The remedy for these civil actions lies in awards of damages, not in findings as to the legality of detaining people in forbidding environments. The emphasis in refugee litigation has moved away from seeking administrative law remedies, instead to whatever the common law of negligence may offer.
Administrative law oversight has been screwed so tightly by successive governments, and especially by last December’s amendments to the Migration Act and the Maritime Powers Act.
That said, nothing is beyond the inventiveness of lawyers versed in the area, but for now, administrative remedies are looking less and less within reach of detainees.
While damages for negligence are one thing, they do not overturn the policy of internment and deprivation of liberty.
Litigation requires discovery of large amounts of documents that generally are not publicly available. This is one way of casting light on hitherto hidden process, management practices and policies.
However, it is the discovery of disturbing material that invariably sees the Commonwealth rush to settle with immigration plaintiffs. This was the case with earlier individual claims alleging mistreatment at the Baxter and Woomera detention centres.
It is only if cases come to trial that there is a prospect of seeing what the Commonwealth and the service providers are really doing in the name of the Australian people and that legal principles can be established.

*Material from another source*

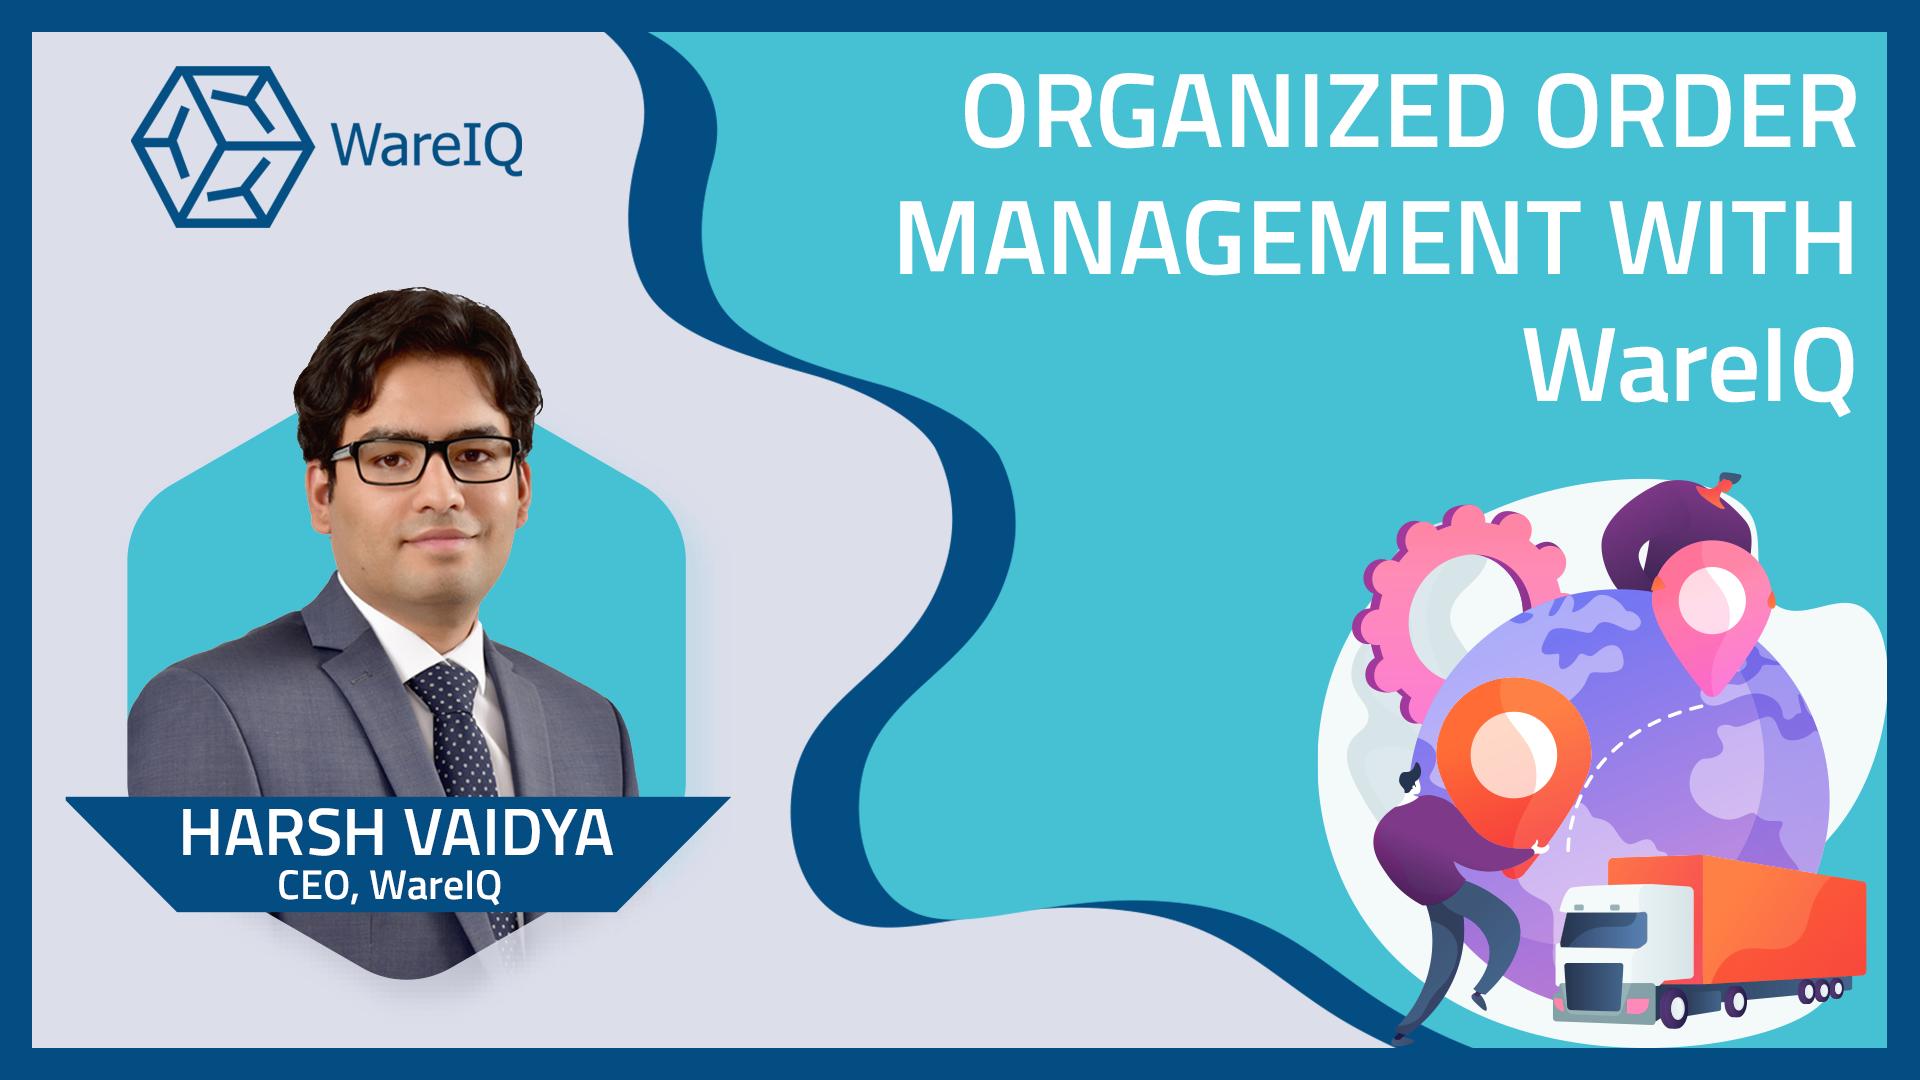 Organized Order Management with WareIQ
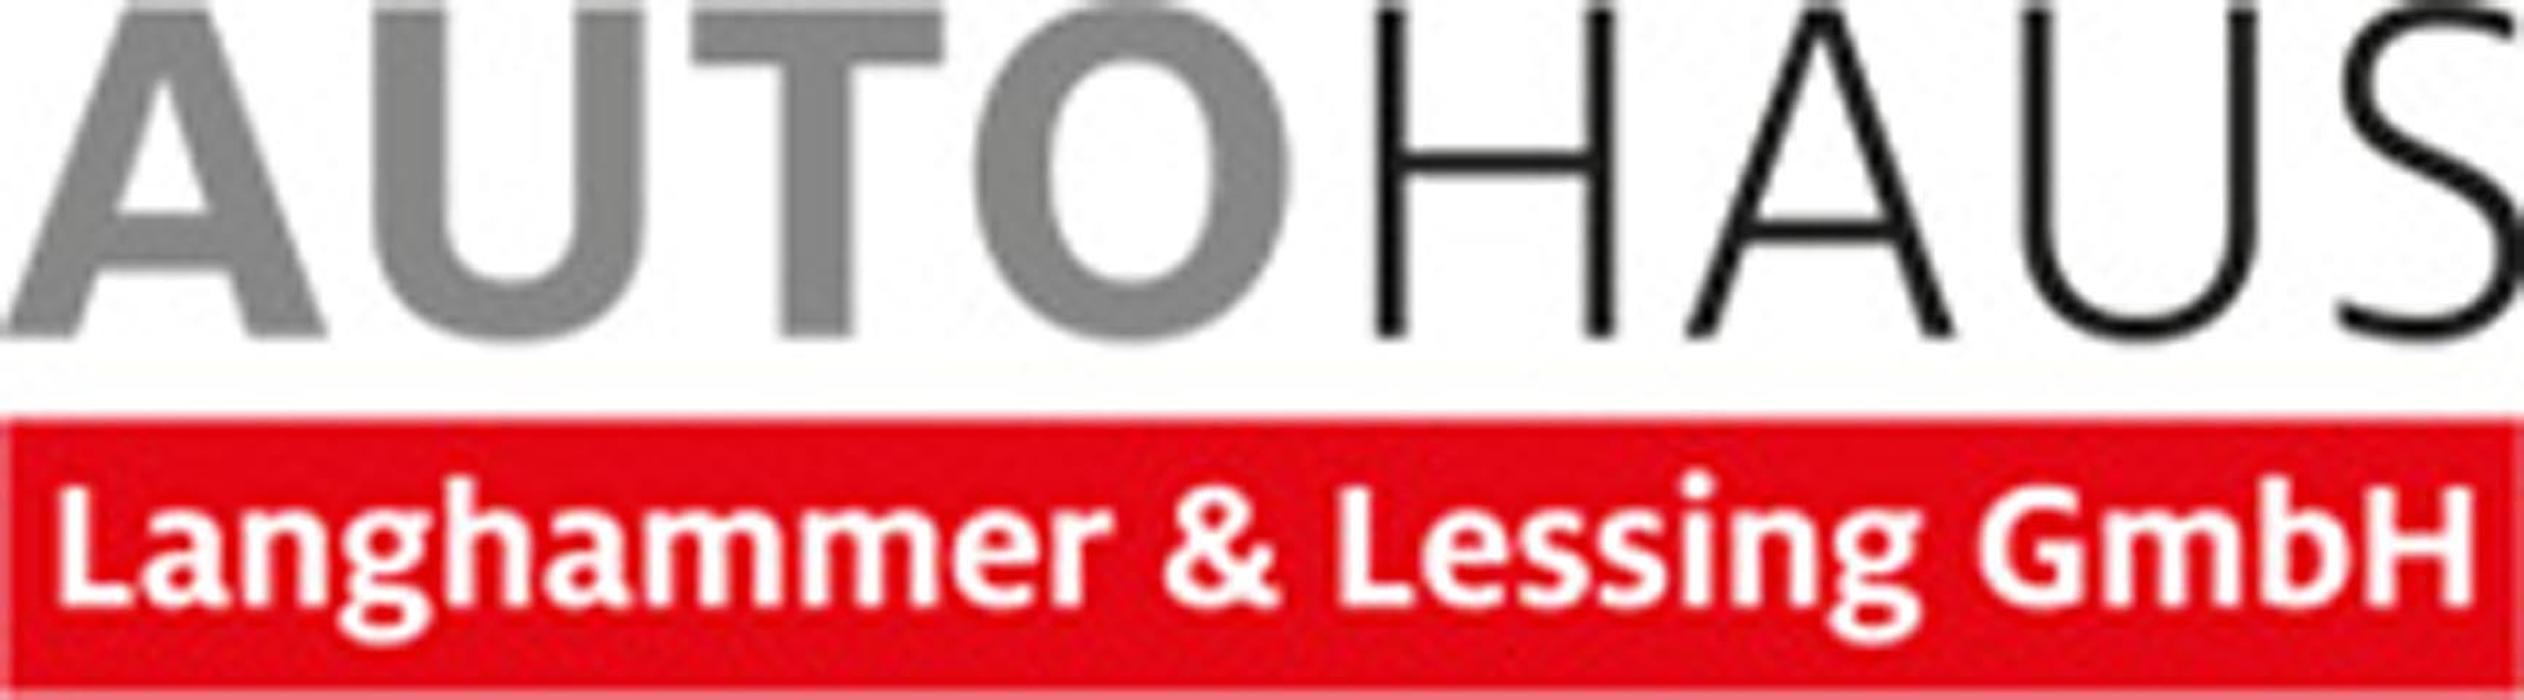 Bild zu Autohaus Langhammer & Lessing GmbH in Strausberg

The media has been denied access and so has difficulty reporting consistently on conditions, while Transfield’s case officers and other staff are required to sign confidentiality agreements, with threats of legal action if they discuss how the Manus centre is managed and detainees treated.
The result is that one of the grim chapters in Australia’s history is only revealed to the public in fragments.
Claims based on seeking awards of damages have the prospect of publicly shaming the government, although so far normal impulses of shame seem elusive. Instead, the government makes a meal of shooting the messenger.
There are other ways in which unyielding details come to the surface – the Human Rights Commission’s inquiry and Forgotten Children report on Nauru and the follow-up Moss review and now a Senate inquiry. They provide illuminations, but not enforceable solutions.
Nor can a silver bullet be found in international law. Australia has obligations under the Refugee Convention and the Convention on the Rights of the Child and gives lip service to the requirement of “best interest assessment”.
Canada and the UK have enshrined the requirement in their domestic law, we haven’t. Consequently, Australia pays lip service to the obligation, but the administrative process falls a long way short.
There is no simple legal way around the system of off-shore processing. Most of the loopholes are gone and it’s now a case of arguing about the conditions of detention.
Without human rights obligations enshrined in our domestic law, the remedies for those held indefinitely in distress without charge are of limited utility.
Yet it is a standard mantra of conservative pundits that the common law is all we need to save our soul from government excess.
If we keep proceeding down that path, where people in our care can be psychologically, and sometimes physically tortured, with only limited legal remedies available to them, then Australia will end up in a very dark place.